**YOUR INSTRUCTIONS:**
These records contain pictures, which must be left out; copy exactly the lines from the one with "Chungking pork" up to and including the one with "Jochen Klepper Der".

**INFORMATION SHOWN:**
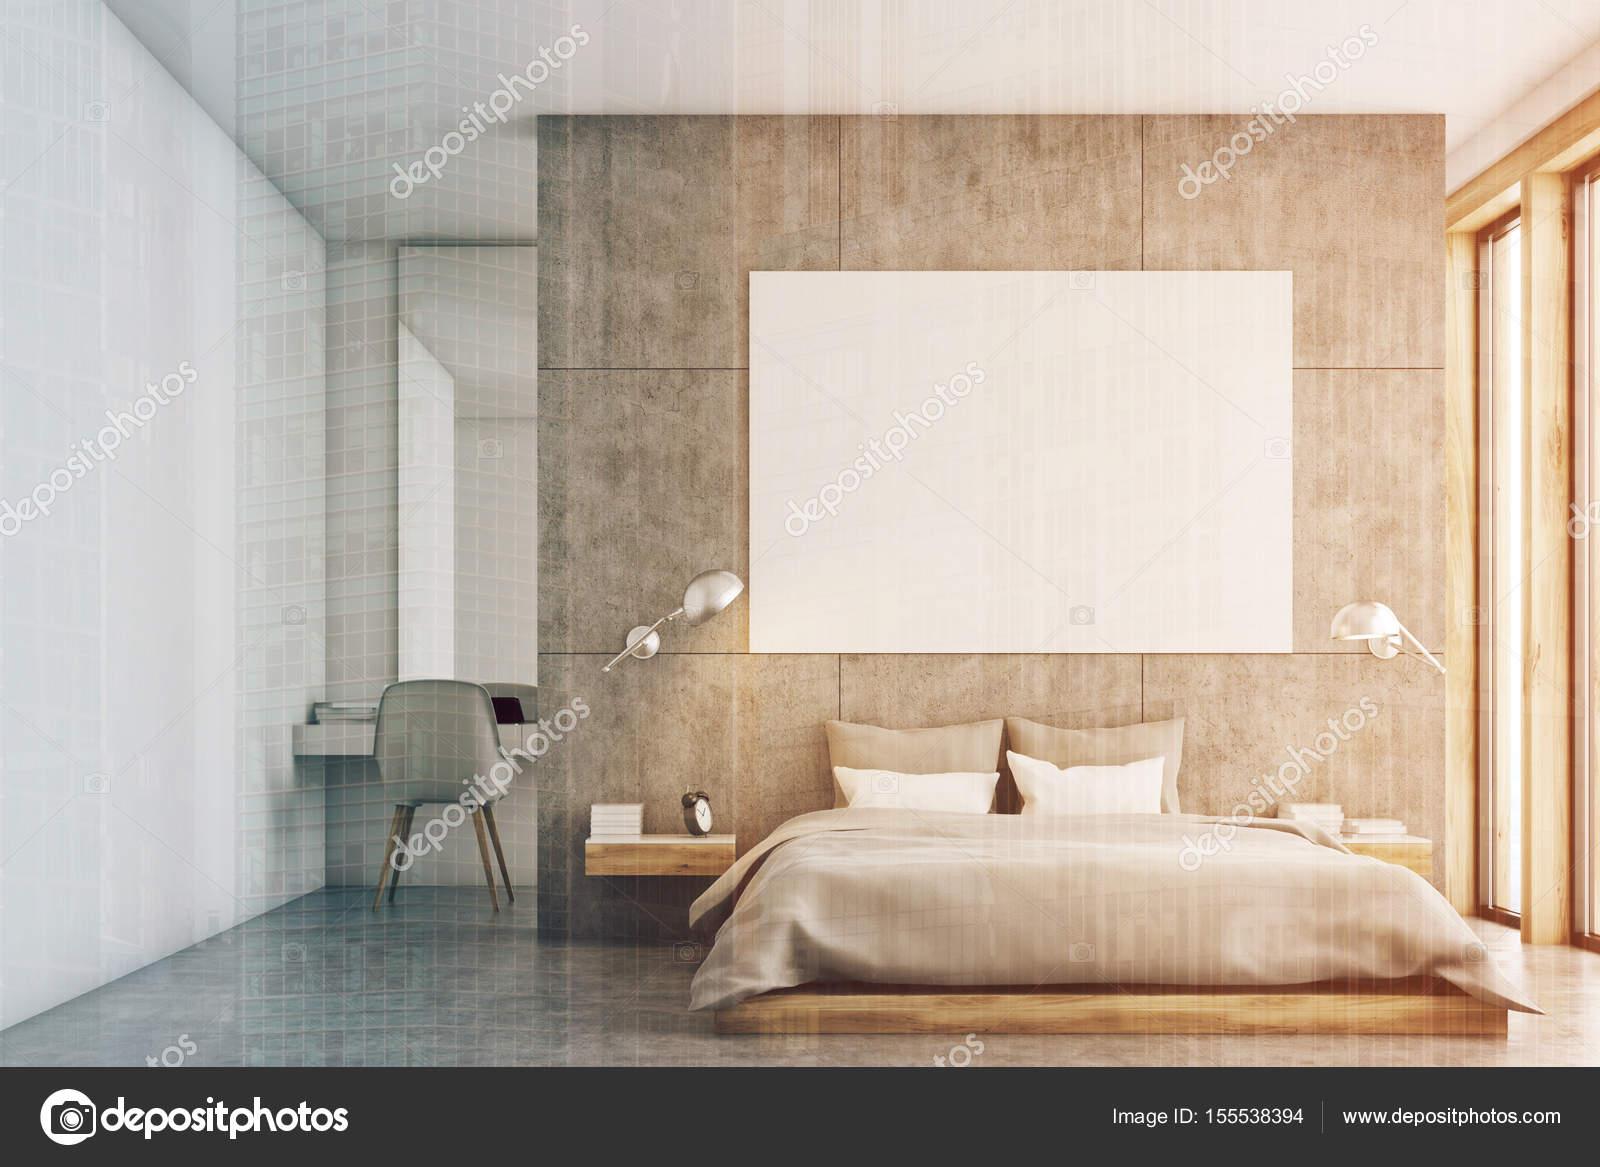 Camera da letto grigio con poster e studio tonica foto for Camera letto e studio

--

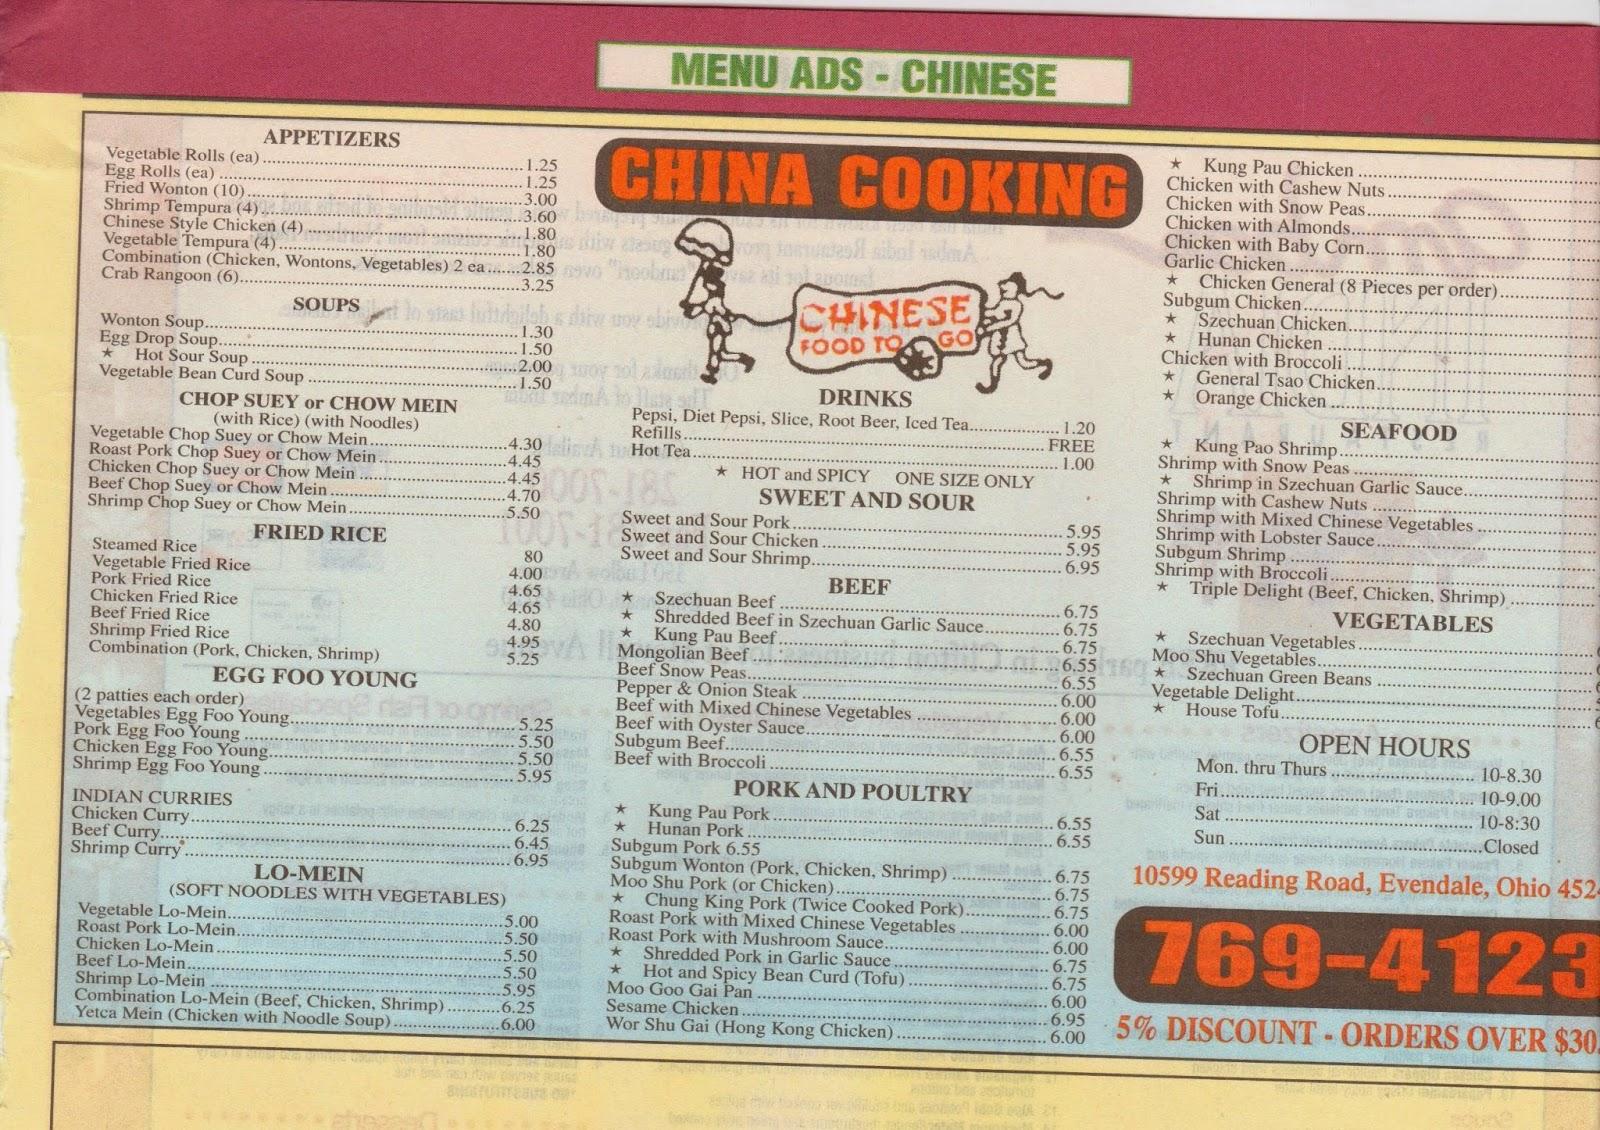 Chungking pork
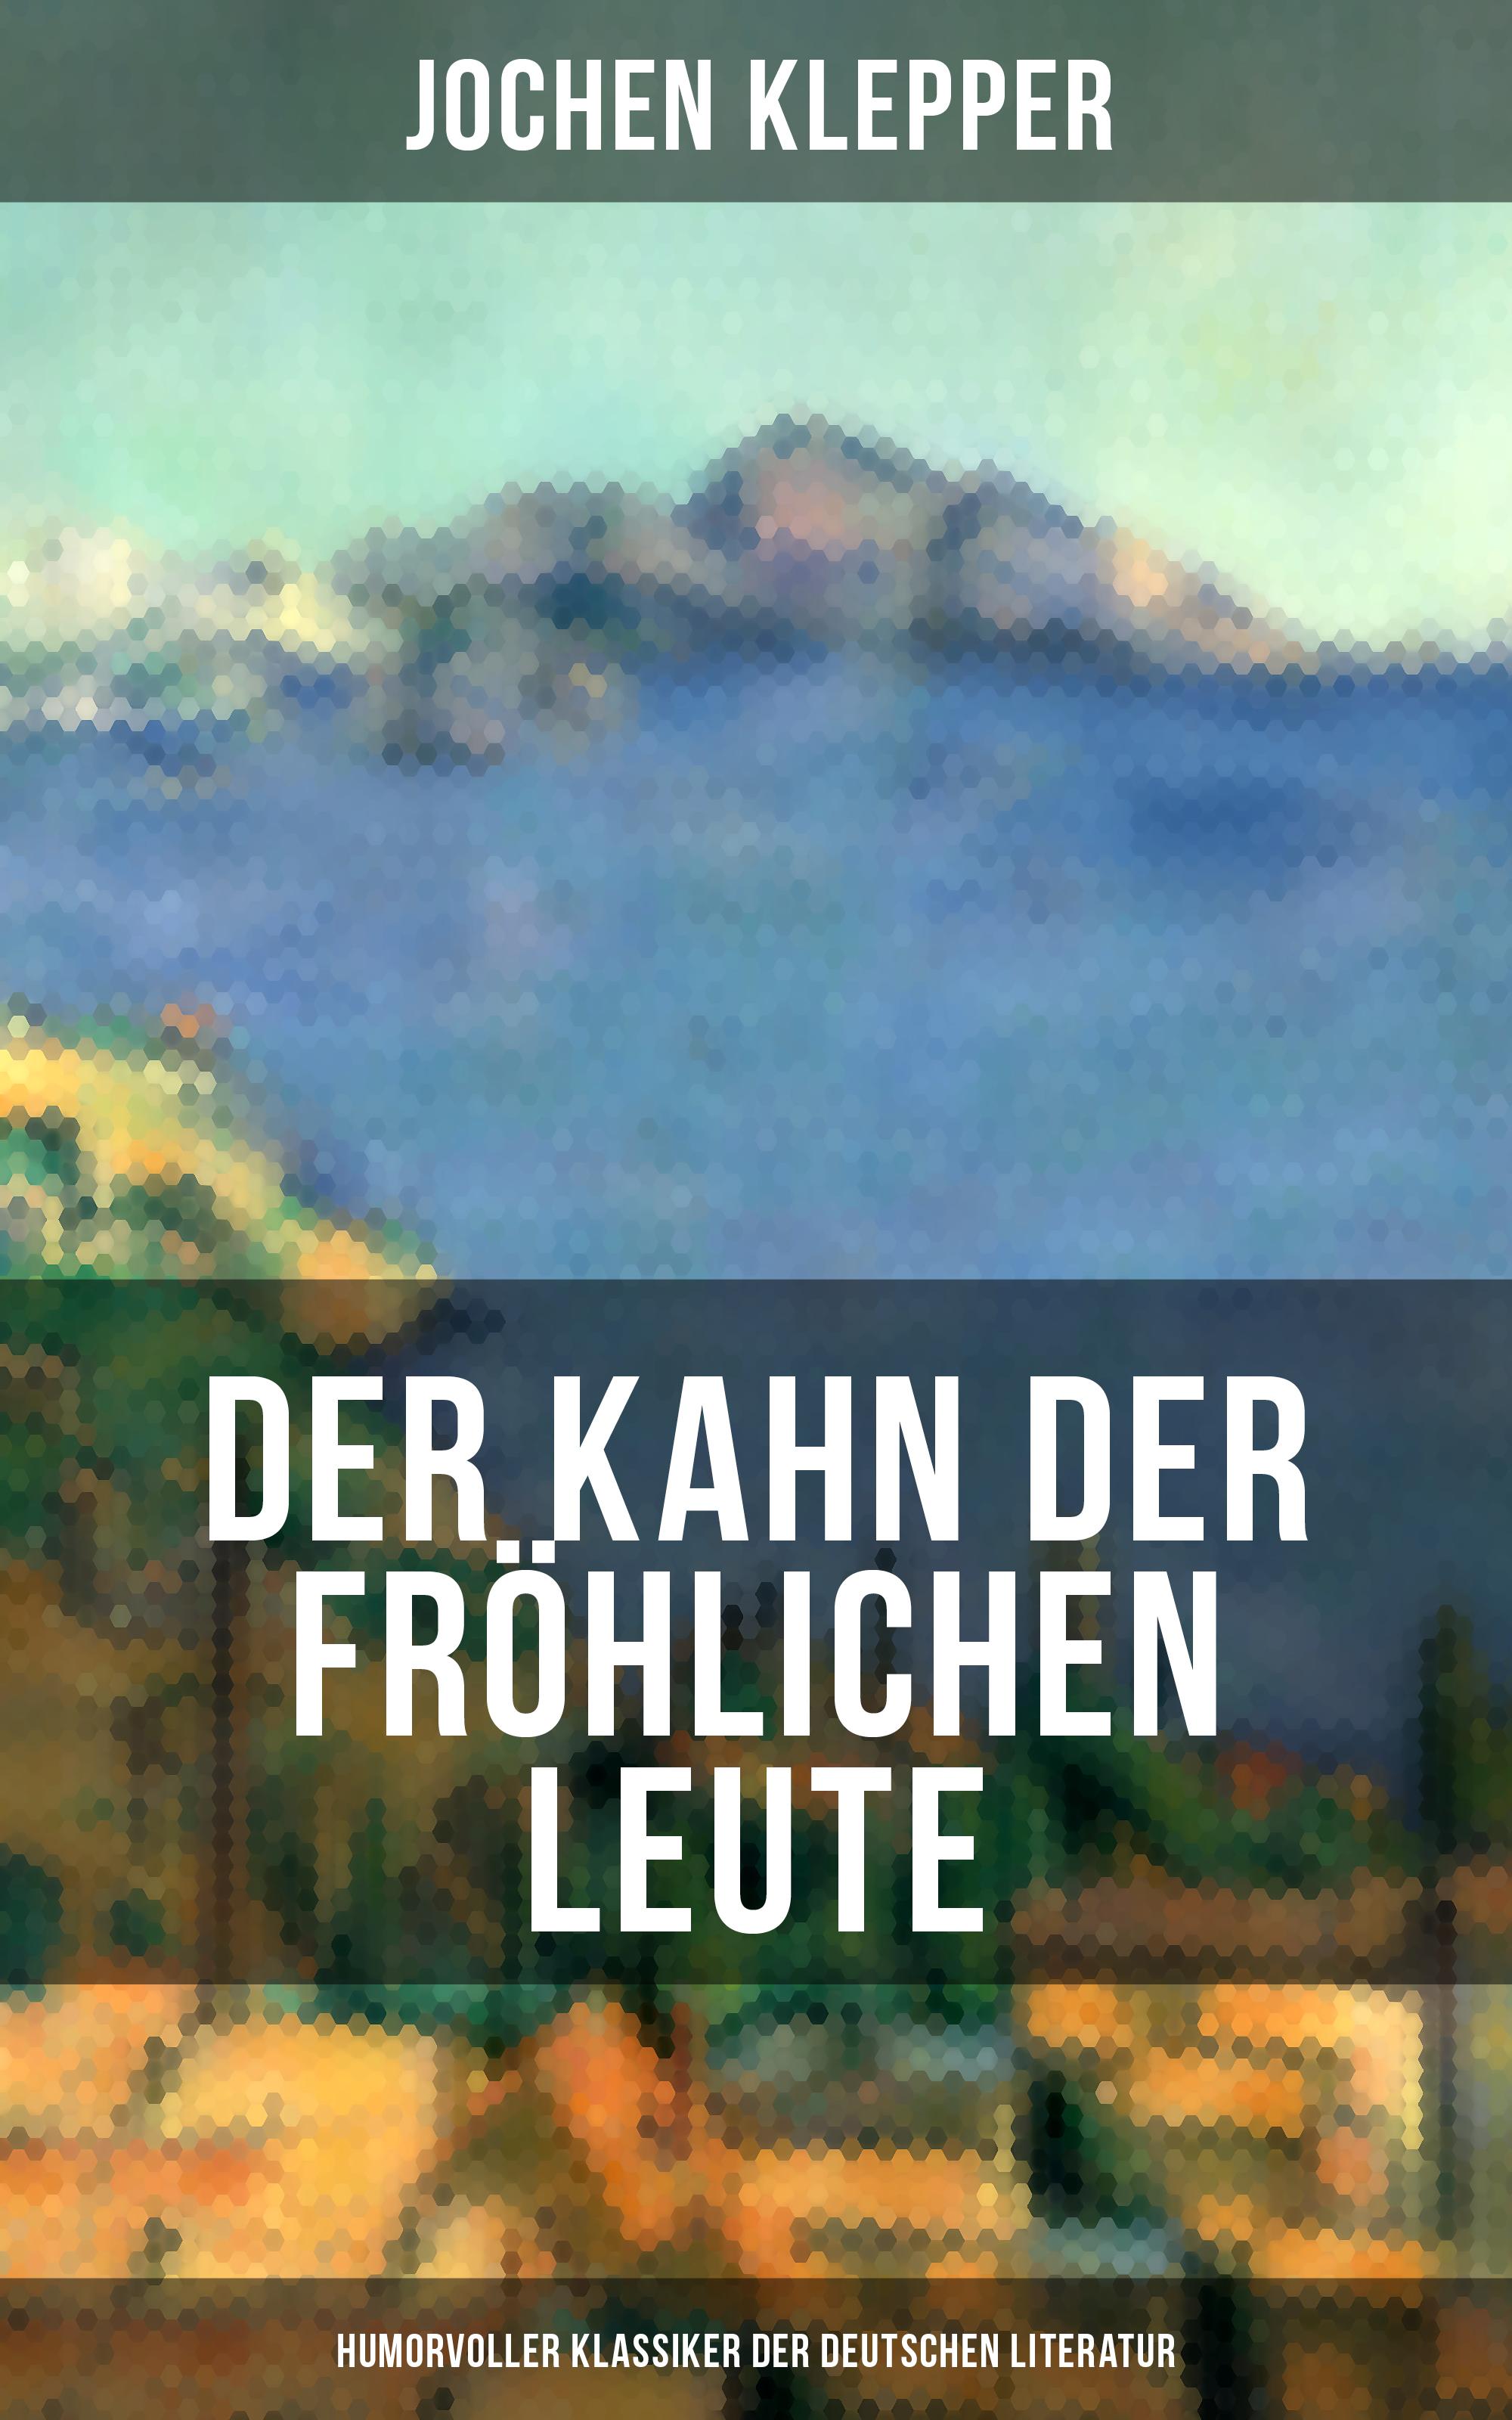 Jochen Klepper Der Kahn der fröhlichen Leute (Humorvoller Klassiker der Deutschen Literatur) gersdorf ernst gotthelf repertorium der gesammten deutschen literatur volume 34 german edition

**ANSWER TO THIS EXERCISE:**
 Chungking pork
 Jochen Klepper Der Kahn der fröhlichen Leute (Humorvoller Klassiker der Deutschen Literatur) gersdorf ernst gotthelf repertorium der gesammten deutschen literatur volume 34 german edition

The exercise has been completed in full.